**Load Library**

In [1]:
import pandas as pd
import numpy as np
import polars as pl
from tqdm import tqdm
from collections import defaultdict

**Load CSV File**

In [3]:
session_train = pd.read_csv('/root/KDDCUP/KDDCUP数据集/sessions_train.csv')
session_test_phase1 = pd.read_csv('/root/KDDCUP/KDDCUP数据集/sessions_test_task1.csv')
session_test_phase2 = pd.read_csv('/root/KDDCUP/KDDCUP数据集/sessions_test_task1_phase1.csv')

**Use pl data type**

In [4]:
session_train = pl.from_pandas(session_train)
session_test_phase1 = pl.from_pandas(session_test_phase1)
session_test_phase2 = pl.from_pandas(session_test_phase2)

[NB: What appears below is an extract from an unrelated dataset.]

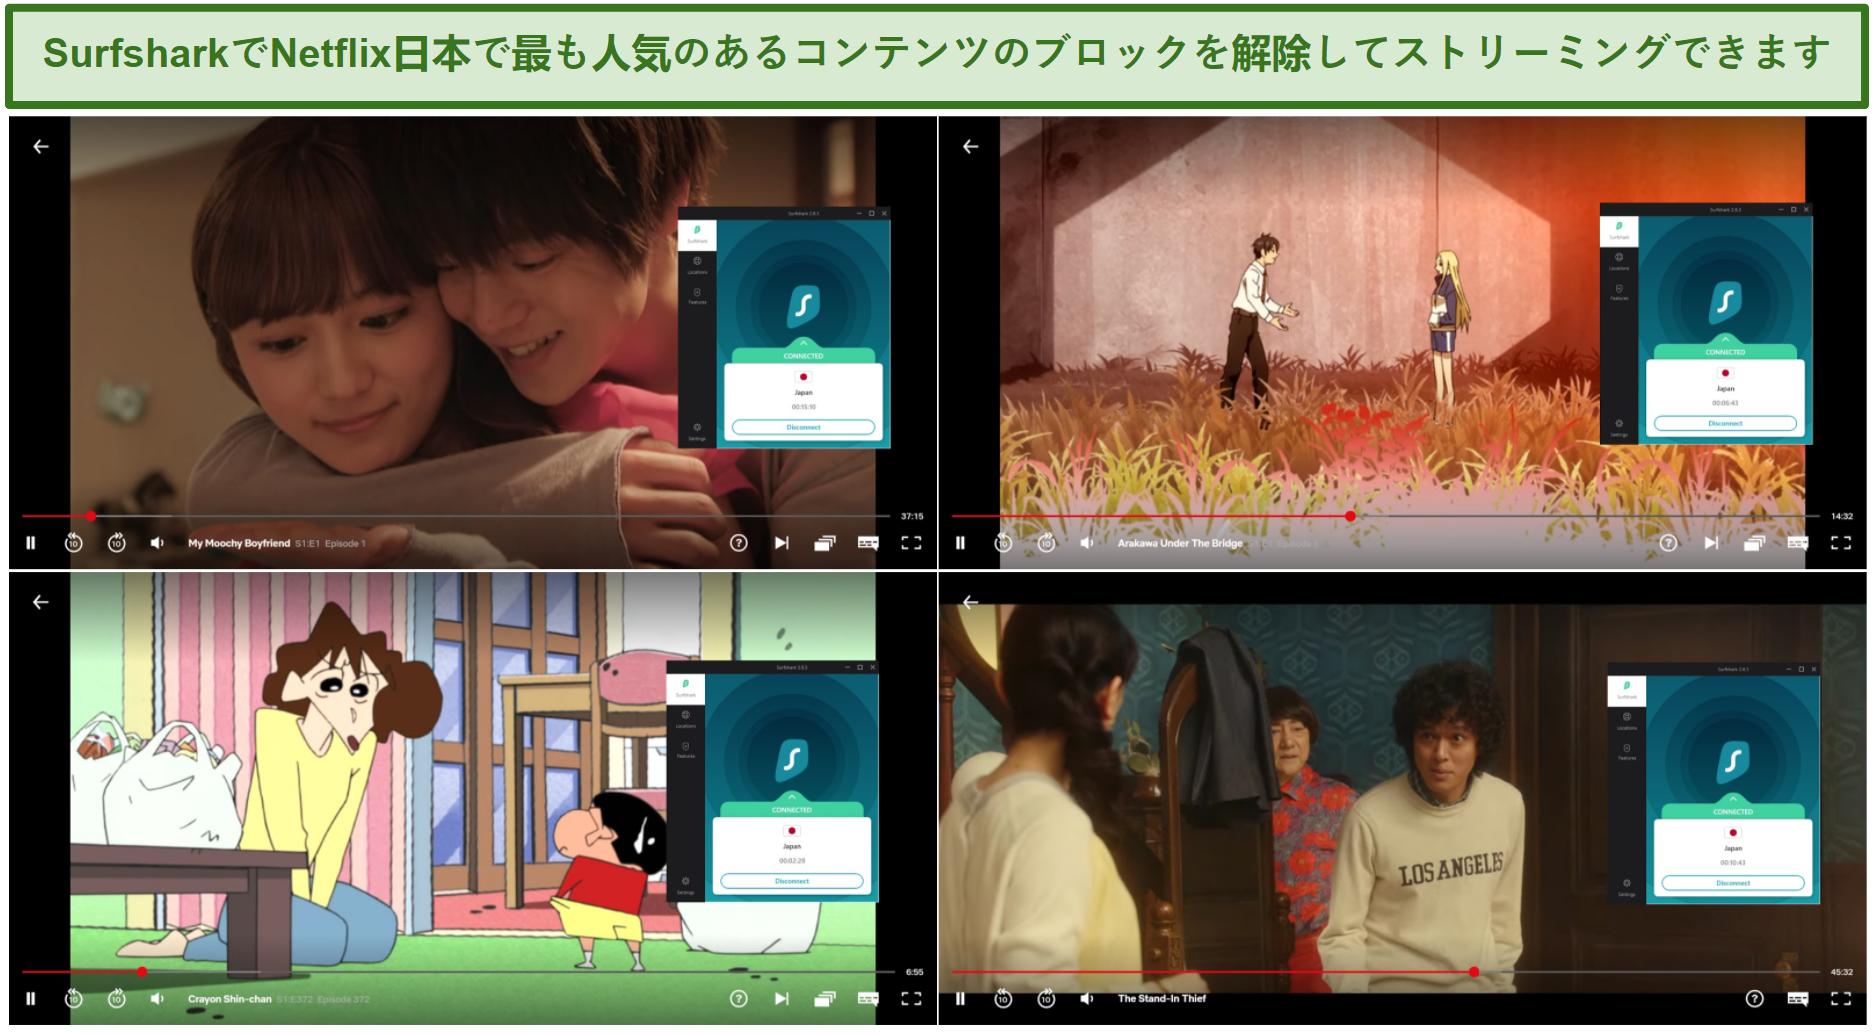 Netflix Japanで、ヒモメン、荒川アンダーザブリッジ、クレヨンしんちゃん、代役泥棒のブロックを解除するSurfsharkのスクリーンショット
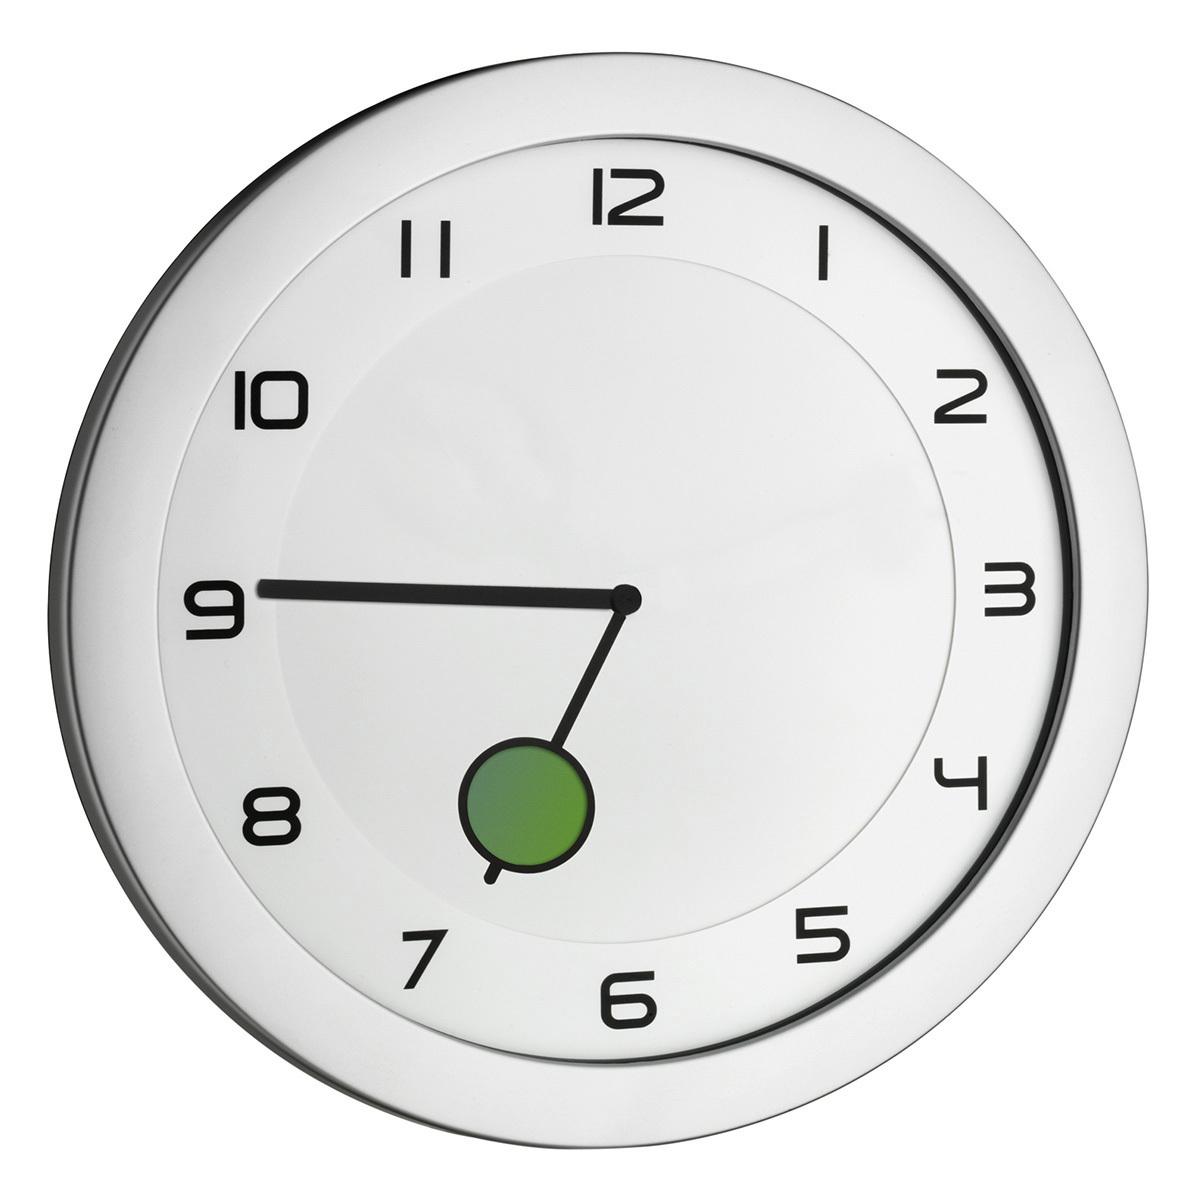 60-3028-54-analoge-wanduhr-happy-hour-grün-1200x1200px.jpg

**Task1 Only use data from DE, UK and JP Area, Delete the irrelevant ones**

In [5]:
location = ["DE", "UK", "JP"]
session_train = session_train.filter(pl.col("locale").is_in(location))
session_test_phase1 = session_test_phase1.filter(pl.col("locale").is_in(location))
session_test_phase2 = session_test_phase2.filter(pl.col("locale").is_in(location))

**Have a look with the data we found that session_test_phase1/2.prev_item contains characters only, not list of characters**

In [6]:
session_train.head()

prev_items,next_item,locale
str,str,str
"""['B09W9FND7K' 'B09JSPLN1M']""","""B09M7GY217""","""DE"""
"""['B076THCGSG' 'B007MO8IME' 'B0…","""B001B4THSA""","""DE"""
"""['B0B1LGXWDS' 'B00AZYORS2' 'B0…","""B0767DTG2Q""","""DE"""
"""['B09XMTWDVT' 'B0B4MZZ8MB' 'B0…","""B0B4R9NN4B""","""DE"""
"""['B09Y5CSL3T' 'B09Y5DPTXN' 'B0…","""B0BGVBKWGZ""","""DE"""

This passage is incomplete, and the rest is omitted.